PSP encontra empregada de Miguel Arruda vestida dos pés à cabeça com roupa furtada no aeroporto

8 jan, 20:29

Letícia Pacheco incorreu num crime de receptação, mas no despacho final do Ministério Público essa parte foi arquivada, não se dando como demonstrado que Letícia conhecesse a origem ilícita dos bens obtidos pelo patrão

Quando a PSP entrou em casa de Miguel Arruda, em Ponta Delgada, para fazer buscas, encontrou a empregada doméstica do casal toda vestida com roupas roubadas pelo patrão.

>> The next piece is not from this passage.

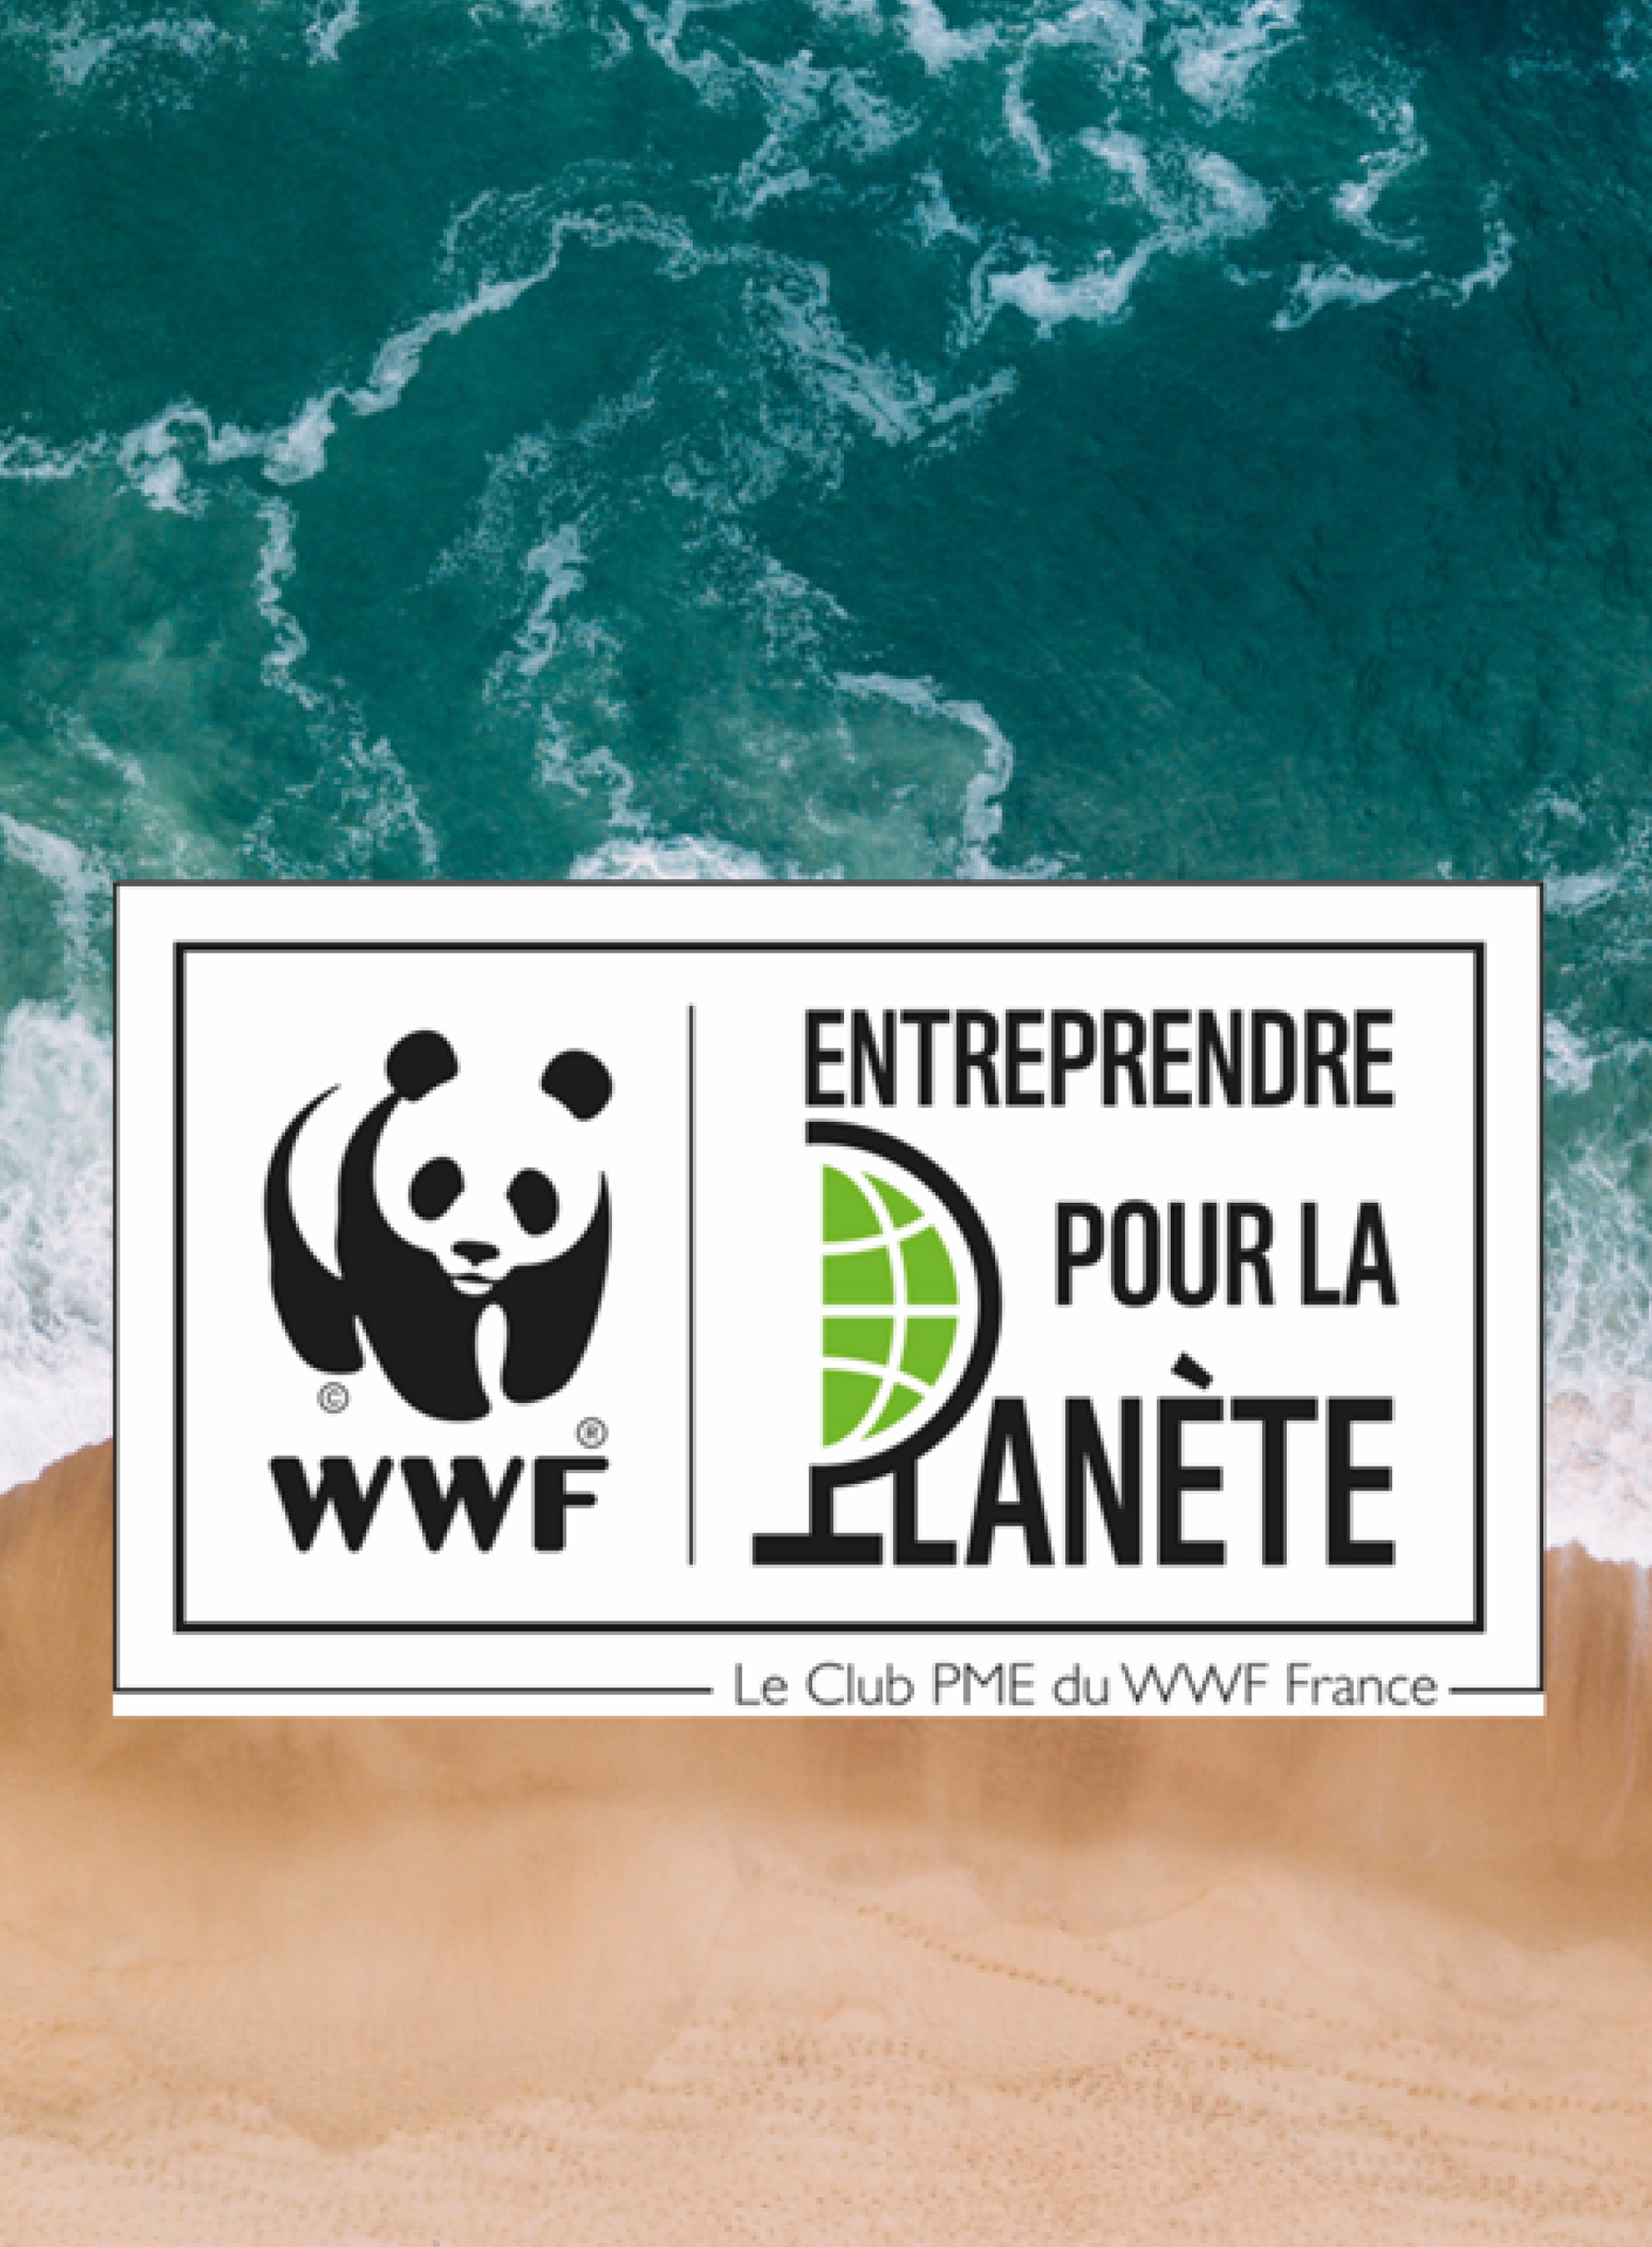 Les Petits Bidons engagés pour la planète, l'environnement et la biodiversité en devenant membre du Club Entreprendre pour la Planète WWF France ! Découvrez enfin une lessive naturelle engagée et vraiment propre pour vous et l'environnement.

“Tinha na sua posse uma t-shirt de marca Sandro Paris, cor amarelo claro; um conjunto de calças e camisa, cor azul clara com estampado floral, bens estes que haviam sido furtados previamente pelo arguido” - retirados das malas de viagem que o então deputado do Chega desviava dos tapetes rolantes no aeroporto de Lisboa. 

Letícia Pacheco incorreu assim num crime de receptação - o mesmo pelo qual responde Ana Arruda, mulher do ex-deputado -, mas no despacho final do Ministério Público essa parte foi arquivada, não se dando como demonstrado que Letícia conhecesse a origem ilícita dos bens obtidos pelo patrão.  

De resto, nas várias trocas de mensagens apanhadas entre Miguel e Ana Arruda, ambos concordavam que as peças de roupa mais pequenas - que não servissem a Ana - deviam ser oferecidas a Letícia, ou para ela ou para a sua filha menor.

Além da distribuição de roupa e de outros bens furtados que Miguel Arruda fazia pela mulher e pela empregada, também fazia vendas online na plataforma Vinted, através da conta MiguelArruda84.